Symptoms related to this HSR worsen with continued therapy and can be life-threatening and in rare instance, have been fatal.

Restarting abacavir following an abacavir HSR results in a prompt return of symptoms within hours. This recurrence of the HSR is usually more severe than on initial presentation, and may include lifethreatening hypotension and death. Similar reactions have also occurred infrequently after restarting abacavir in patients who had only one of the key symptoms of hypersensitivity (see above) prior to stopping abacavir; and on very rare occasions have also been seen in patients who have restarted therapy with no preceding symptoms of a HSR (i.e. patients previously considered to be abacavir tolerant).

Metabolic parameters

Weight and levels of blood lipids and glucose may increase during antiretroviral therapy.

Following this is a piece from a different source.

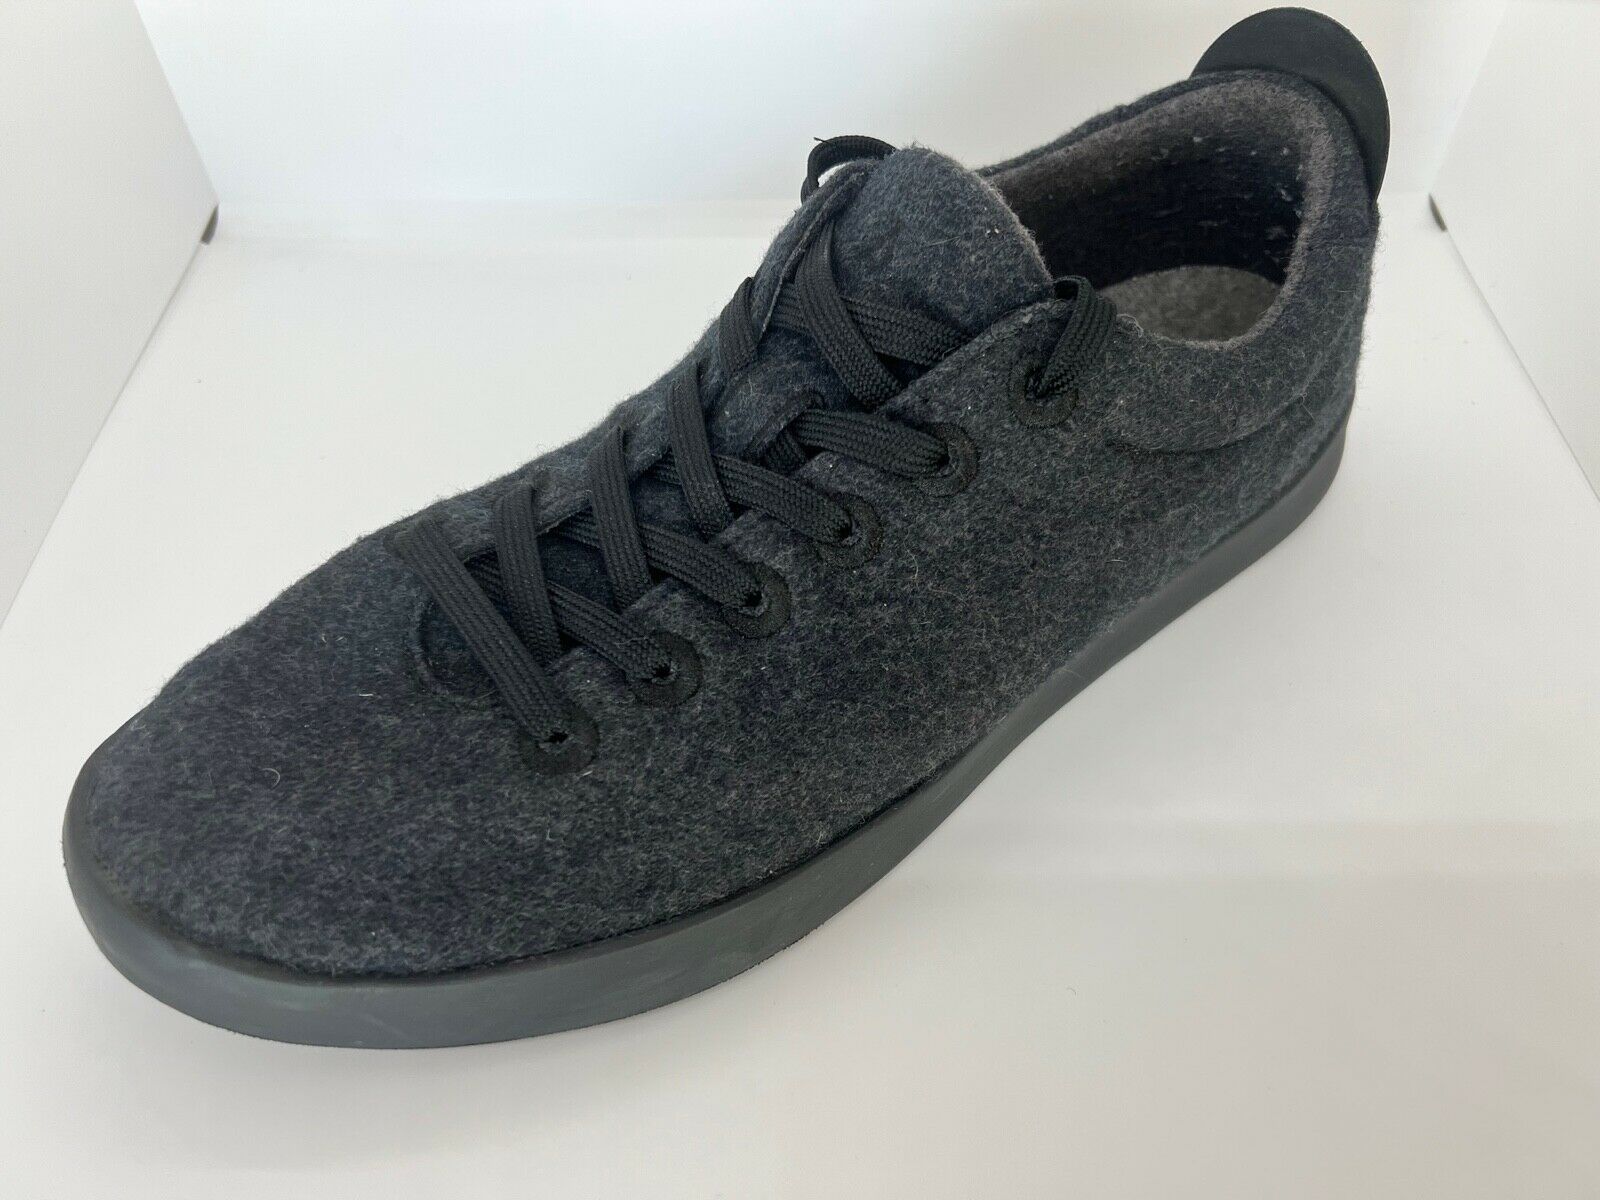 Primary image for Allbirds Men's Wool Pipers - Natural Black (Black Sole) - 12 EUC

Immune reactivation syndrome

In HIV-infected patients with severe immune deficiency at the time of initiation of combination antiretroviral therapy (CART) an inflammatory reaction to asymptomatic or residual opportunistic infections may arise. Autoimmune disorders (such as Graves' disease and autoimmune hepatitis) have also been reported to occur in the setting of immune reactivation; however, the reported time to onset is more variable and these events can occur many months after initiation of treatment.

Osteonecrosis

Cases of osteonecrosis have been reported, particularly in patients with generally acknowledged risk factors, advanced HIV disease or long-term exposure to CART. The frequency of this is unknown.

Changes in laboratory chemistries

In controlled clinical studies laboratory abnormalities related to abacavir treatment were uncommon, with no differences in incidence observed between abacavir treated patients and the control arms.

Paediatric population

1206 HIV-infected paediatric patients aged 3 months to 17 years were enrolled in the ARROW Trial (COL105677), 669 of whom received abacavir and lamivudine either once or twice daily. No additional safety issues have been identified in paediatric subjects receiving either once or twice daily dosing compared to adults.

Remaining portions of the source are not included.